The listing below should be printed exactly, though its pictures must not be.

** INFORMATION SUPPLIED follows **

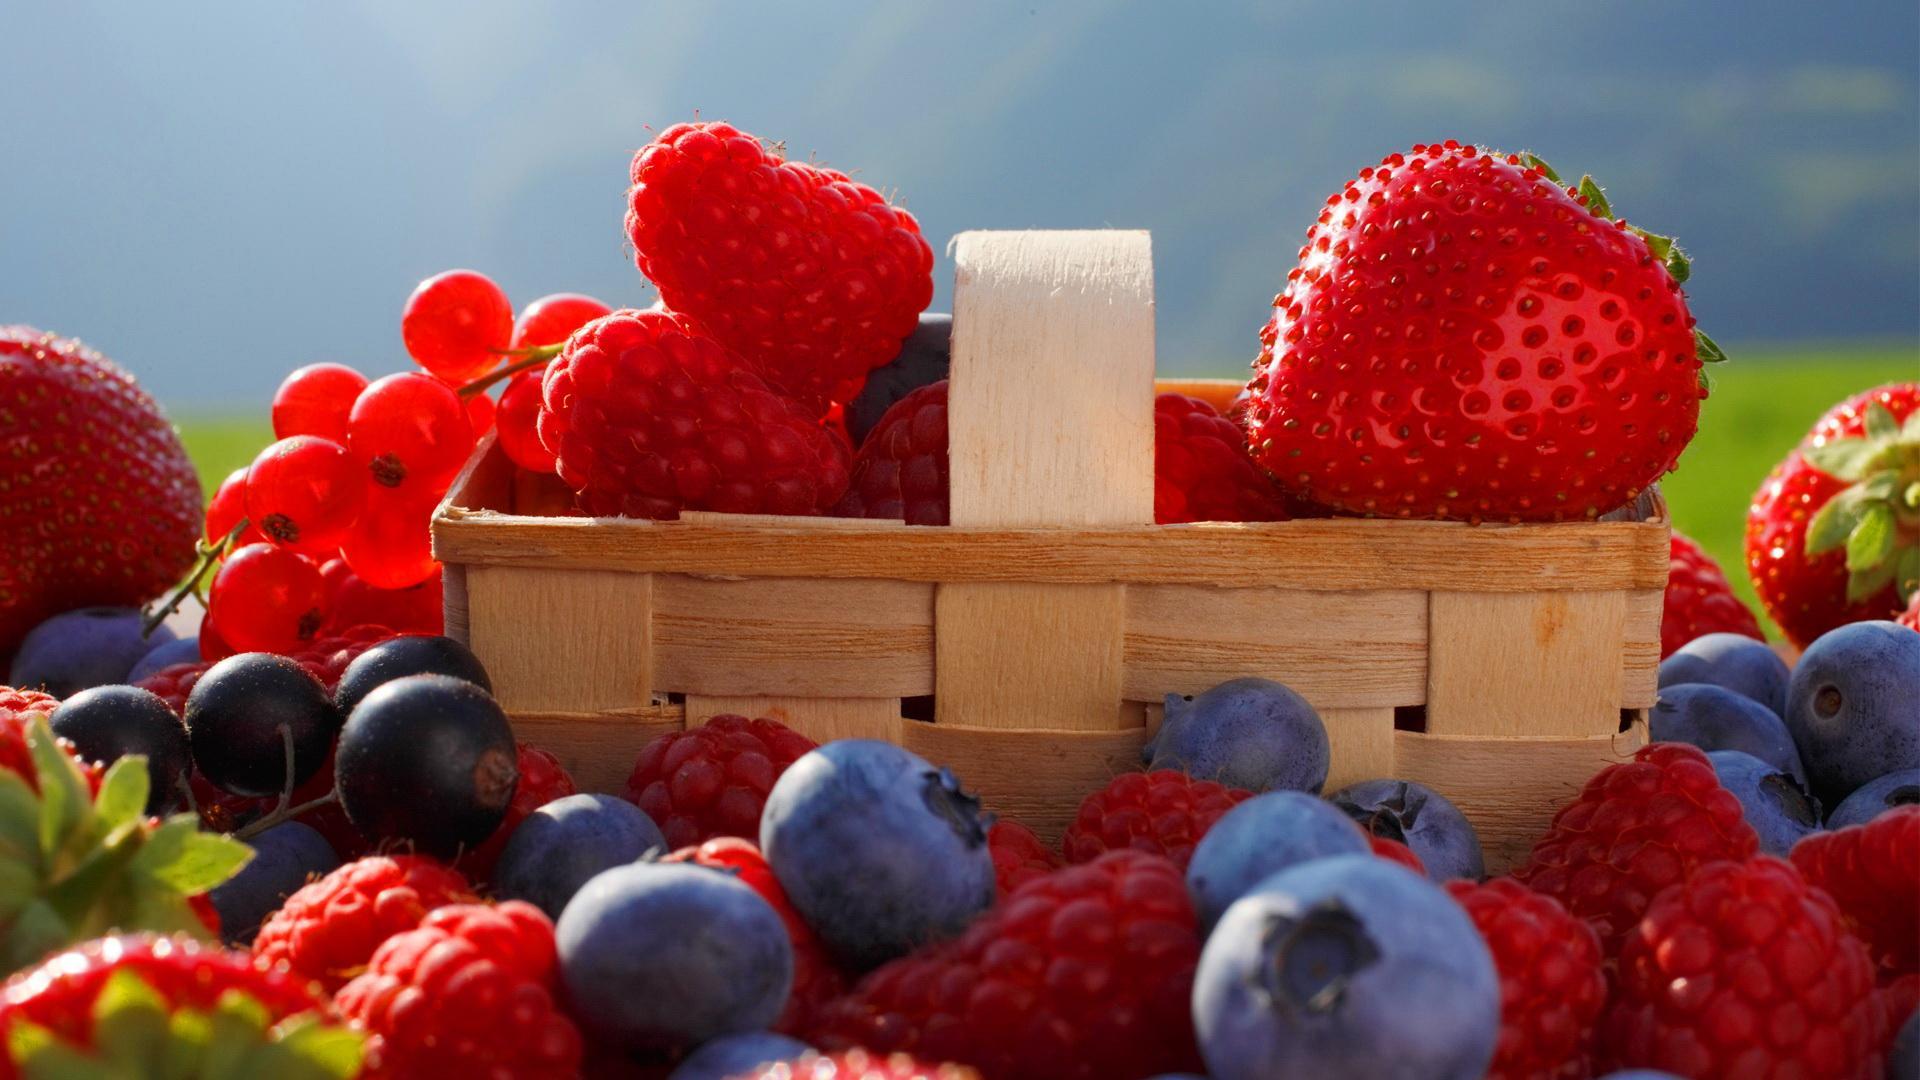 wallpaper buah segar,natural foods,berry,fruit,frutti di bosco,food
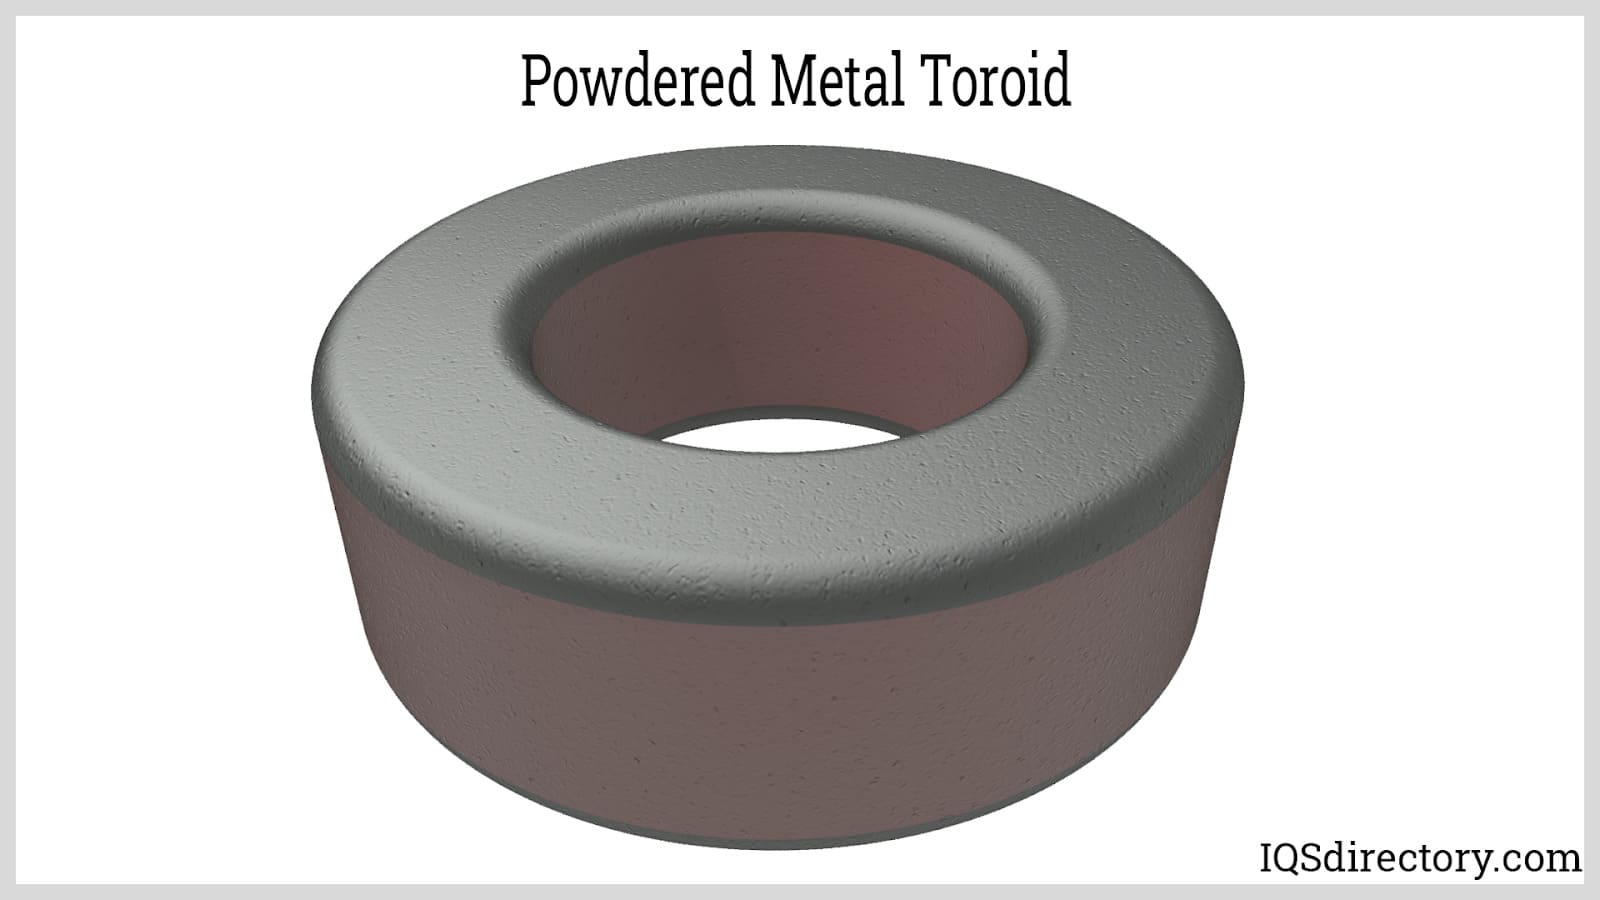 Powdered Metal Toroid
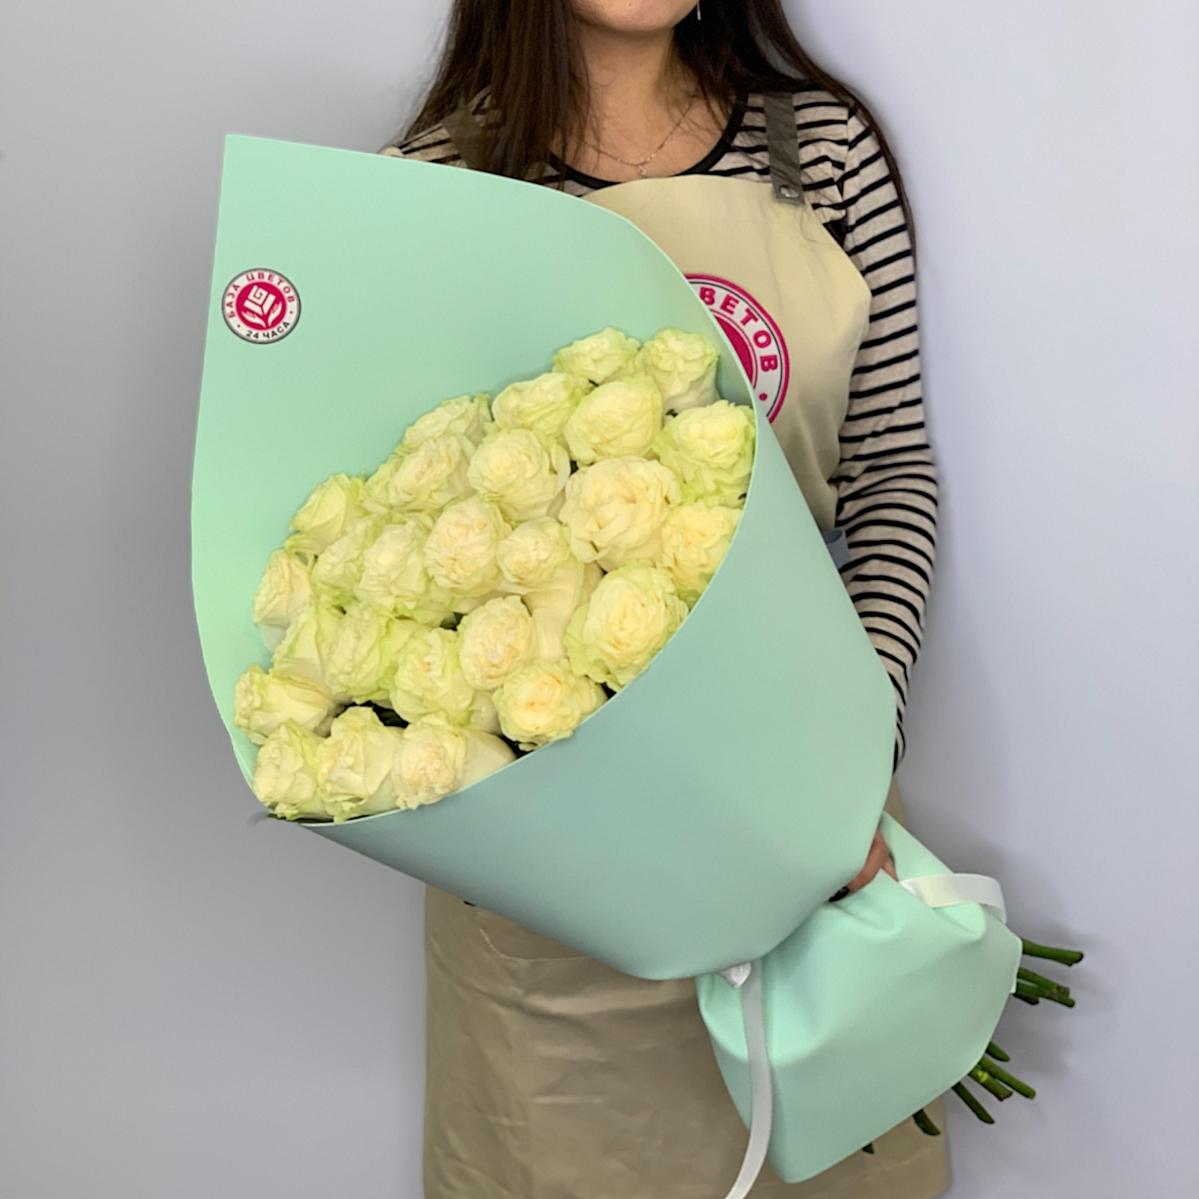 Букеты из белых роз 40 см (Эквадор) (код товара  700vlad)
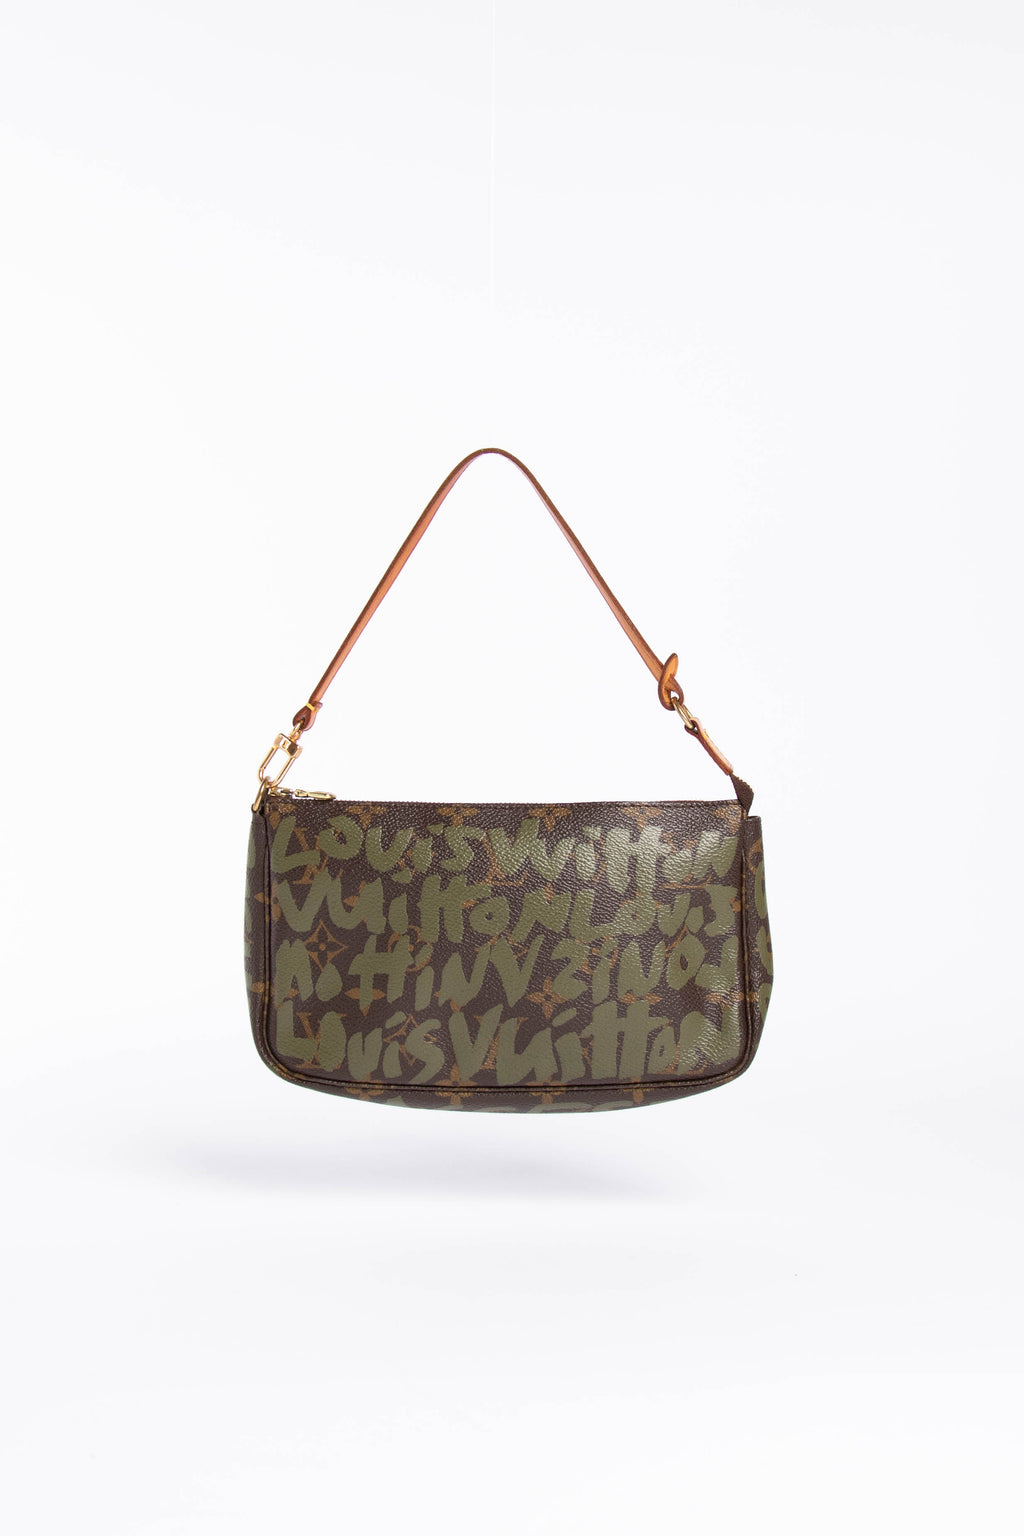 Louis Vuitton Stephen Sprouse Graffiti Monogram Pochette Accessoires Bag

** End of INFORMATION SUPPLIED **

SOLUTION TO THE PROBLEM
 wallpaper buah segar,natural foods,berry,fruit,frutti di bosco,food
 Powdered Metal Toroid
 Букеты из белых роз 40 см (Эквадор) (код товара  700vlad)
 Louis Vuitton Stephen Sprouse Graffiti Monogram Pochette Accessoires Bag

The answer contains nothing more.